• Problem to solve:
Copy each line of the data beneath in which the word "Design" appears.
** Opening Supplied material block **
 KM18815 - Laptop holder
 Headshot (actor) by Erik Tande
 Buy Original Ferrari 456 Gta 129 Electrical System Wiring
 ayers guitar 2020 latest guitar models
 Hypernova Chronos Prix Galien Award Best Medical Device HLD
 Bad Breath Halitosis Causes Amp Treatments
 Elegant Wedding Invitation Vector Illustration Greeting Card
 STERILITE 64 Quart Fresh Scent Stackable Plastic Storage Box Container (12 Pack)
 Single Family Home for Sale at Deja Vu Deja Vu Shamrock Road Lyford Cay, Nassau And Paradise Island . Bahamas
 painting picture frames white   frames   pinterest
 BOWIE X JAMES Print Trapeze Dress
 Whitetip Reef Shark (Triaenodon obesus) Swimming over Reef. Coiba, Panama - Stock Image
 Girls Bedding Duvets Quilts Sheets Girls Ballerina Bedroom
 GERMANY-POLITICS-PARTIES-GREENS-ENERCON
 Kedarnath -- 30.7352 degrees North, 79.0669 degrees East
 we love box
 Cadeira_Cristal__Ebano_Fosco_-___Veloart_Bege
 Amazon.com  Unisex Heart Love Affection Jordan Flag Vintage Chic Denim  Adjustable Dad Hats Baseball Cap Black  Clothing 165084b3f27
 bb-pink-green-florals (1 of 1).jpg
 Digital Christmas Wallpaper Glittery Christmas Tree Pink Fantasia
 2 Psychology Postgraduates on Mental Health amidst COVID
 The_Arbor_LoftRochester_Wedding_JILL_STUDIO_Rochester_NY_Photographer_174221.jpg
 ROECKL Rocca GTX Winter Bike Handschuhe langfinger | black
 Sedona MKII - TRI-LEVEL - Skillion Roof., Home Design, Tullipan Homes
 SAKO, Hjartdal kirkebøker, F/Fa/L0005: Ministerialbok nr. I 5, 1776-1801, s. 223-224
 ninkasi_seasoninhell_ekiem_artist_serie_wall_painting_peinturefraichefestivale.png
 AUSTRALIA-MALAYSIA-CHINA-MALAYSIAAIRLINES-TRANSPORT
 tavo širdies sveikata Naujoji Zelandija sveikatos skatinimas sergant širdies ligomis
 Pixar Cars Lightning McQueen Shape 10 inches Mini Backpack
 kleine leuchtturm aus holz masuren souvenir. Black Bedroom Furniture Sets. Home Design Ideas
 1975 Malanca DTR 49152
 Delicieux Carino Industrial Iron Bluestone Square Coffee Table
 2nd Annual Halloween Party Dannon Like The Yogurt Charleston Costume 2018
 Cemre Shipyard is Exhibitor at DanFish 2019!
** Closing Supplied material block **
• Finished exercise:
 Sedona MKII - TRI-LEVEL - Skillion Roof., Home Design, Tullipan Homes
 kleine leuchtturm aus holz masuren souvenir. Black Bedroom Furniture Sets. Home Design Ideas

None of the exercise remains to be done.